• _Action item_:
Repeat exactly the lines of the material below that run from the "Schneesportclub Madrisa Klosters" line to the "余暇カメ素朴なDecdeal ネイルドライヤー 80W" line, including both, and do not carry over any pictures.

• _Given data_:
···
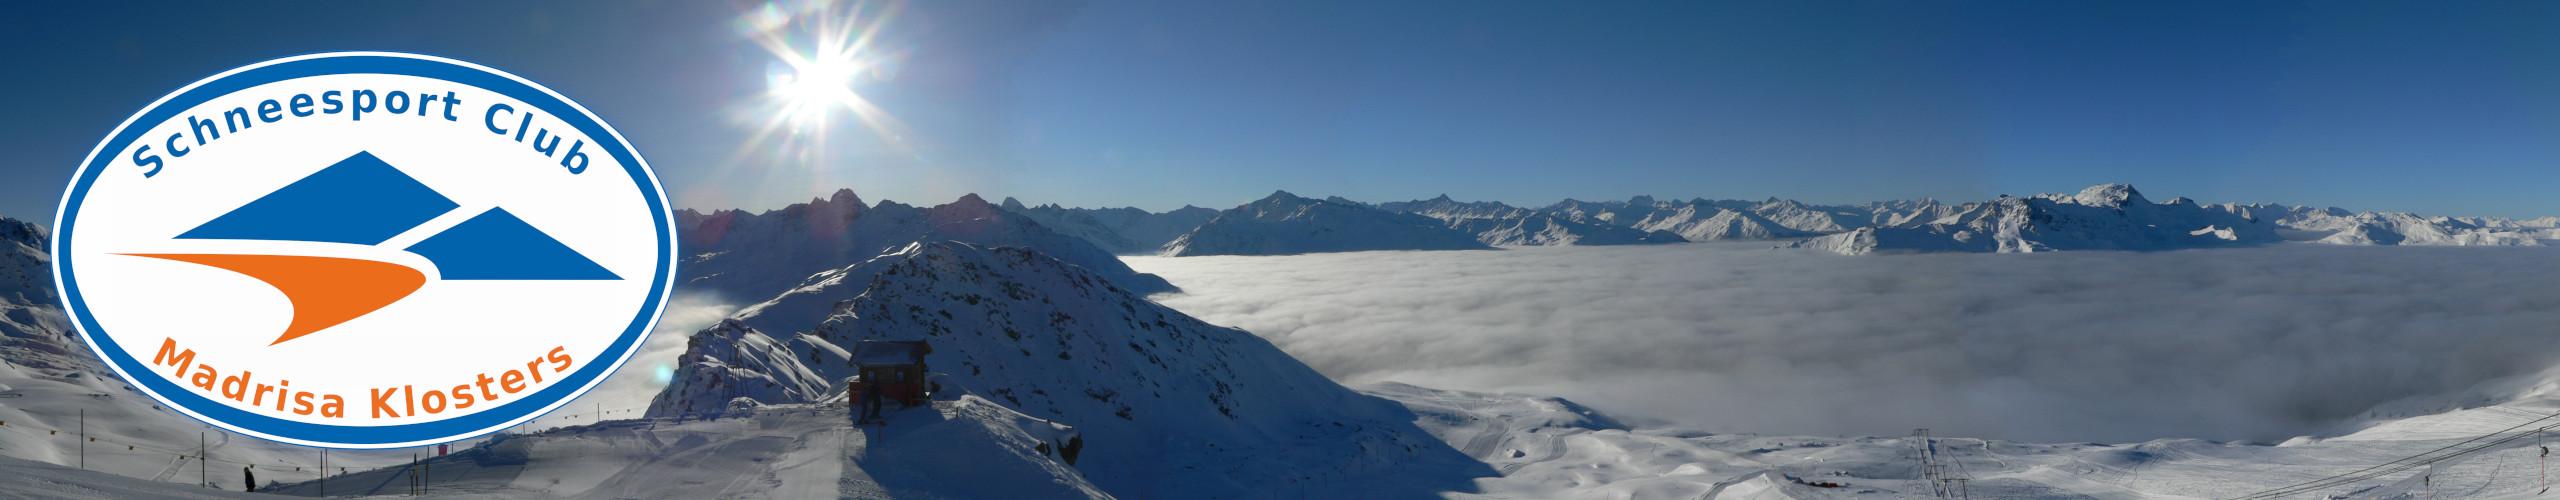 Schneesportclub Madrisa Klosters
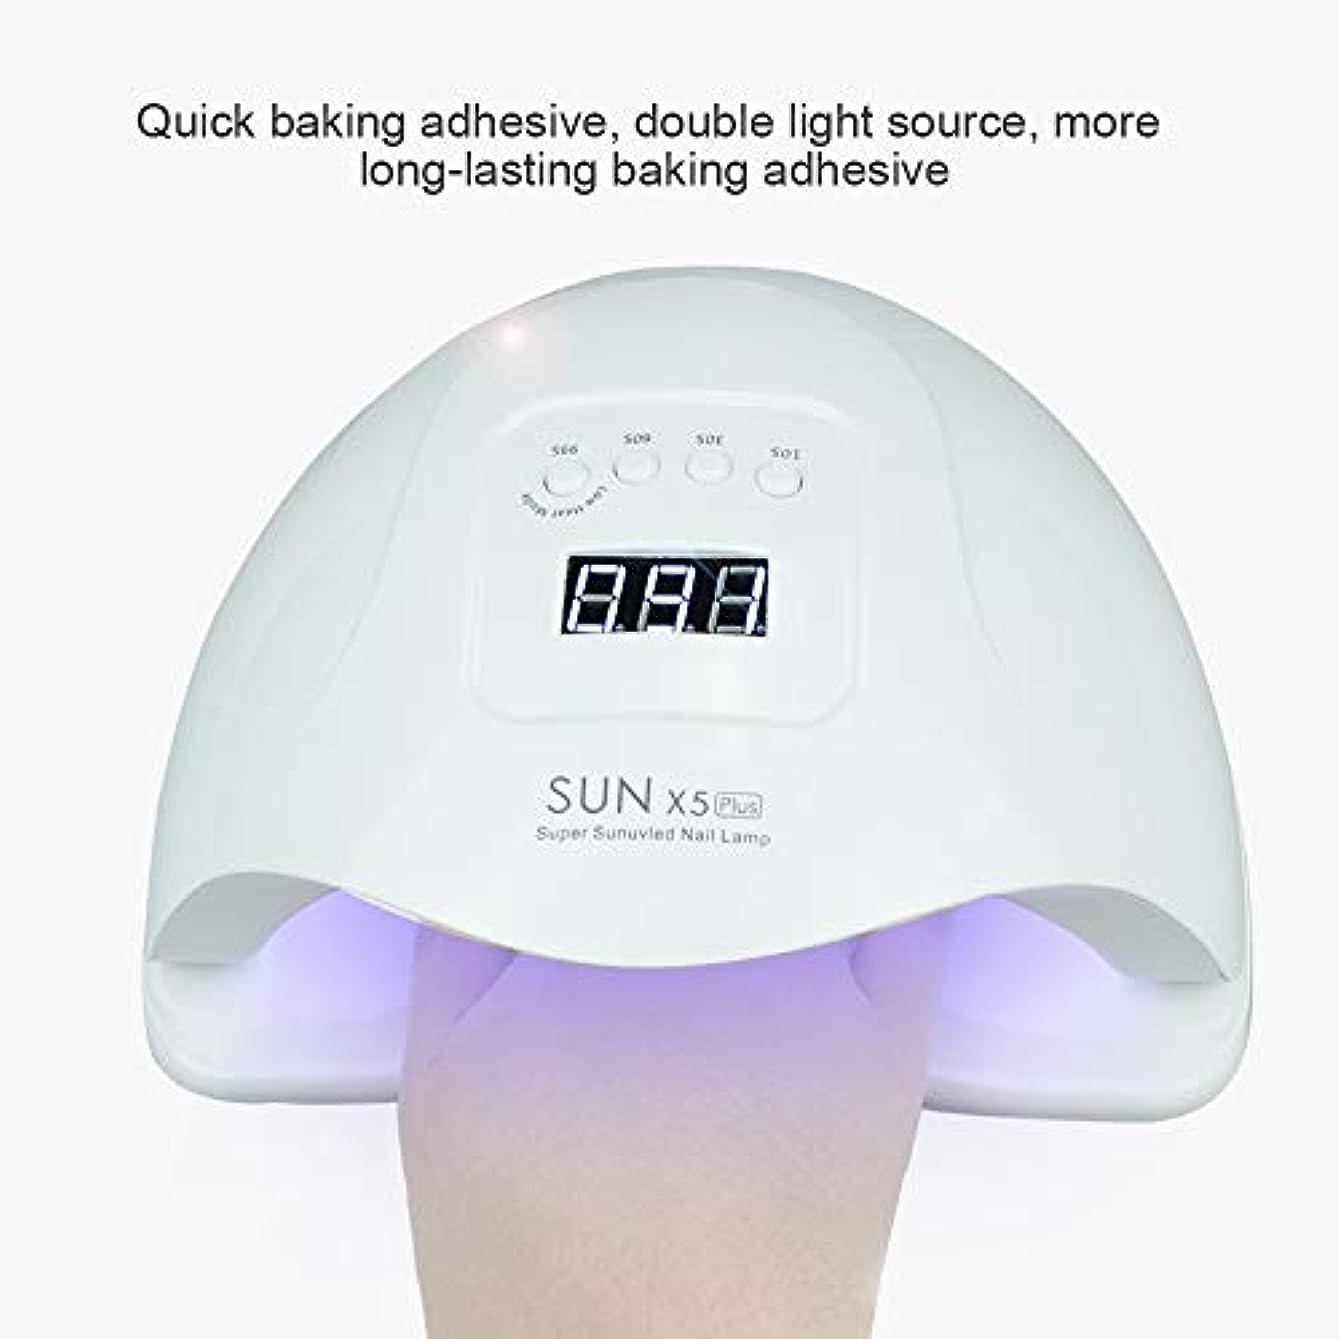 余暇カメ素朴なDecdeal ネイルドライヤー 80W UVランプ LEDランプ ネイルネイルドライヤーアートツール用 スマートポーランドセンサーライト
···
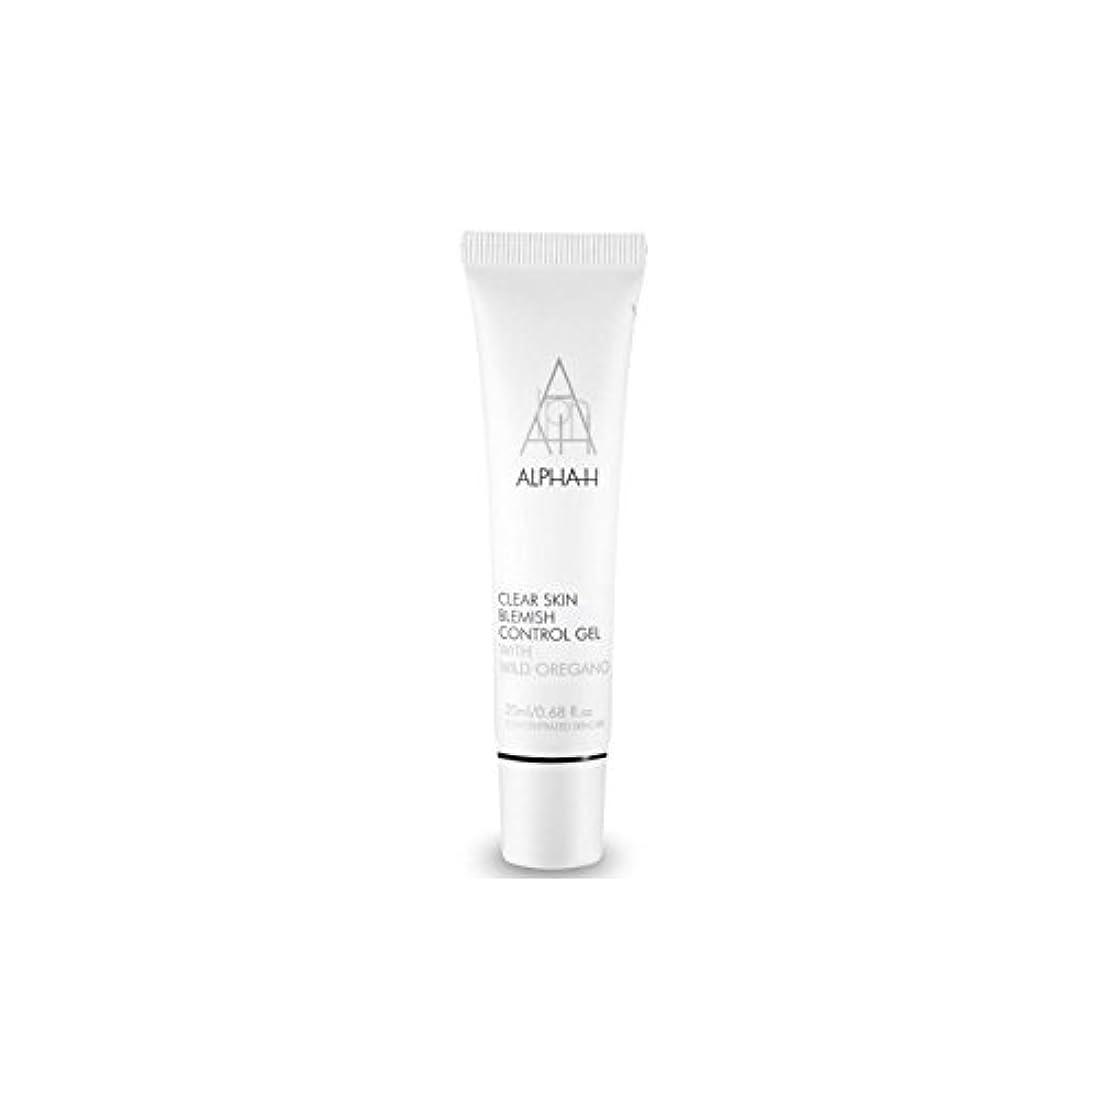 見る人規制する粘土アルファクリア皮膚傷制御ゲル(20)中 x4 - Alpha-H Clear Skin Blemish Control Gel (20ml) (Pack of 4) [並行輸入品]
···
• _Answer to the exercise_:
 Schneesportclub Madrisa Klosters
 余暇カメ素朴なDecdeal ネイルドライヤー 80W UVランプ LEDランプ ネイルネイルドライヤーアートツール用 スマートポーランドセンサーライト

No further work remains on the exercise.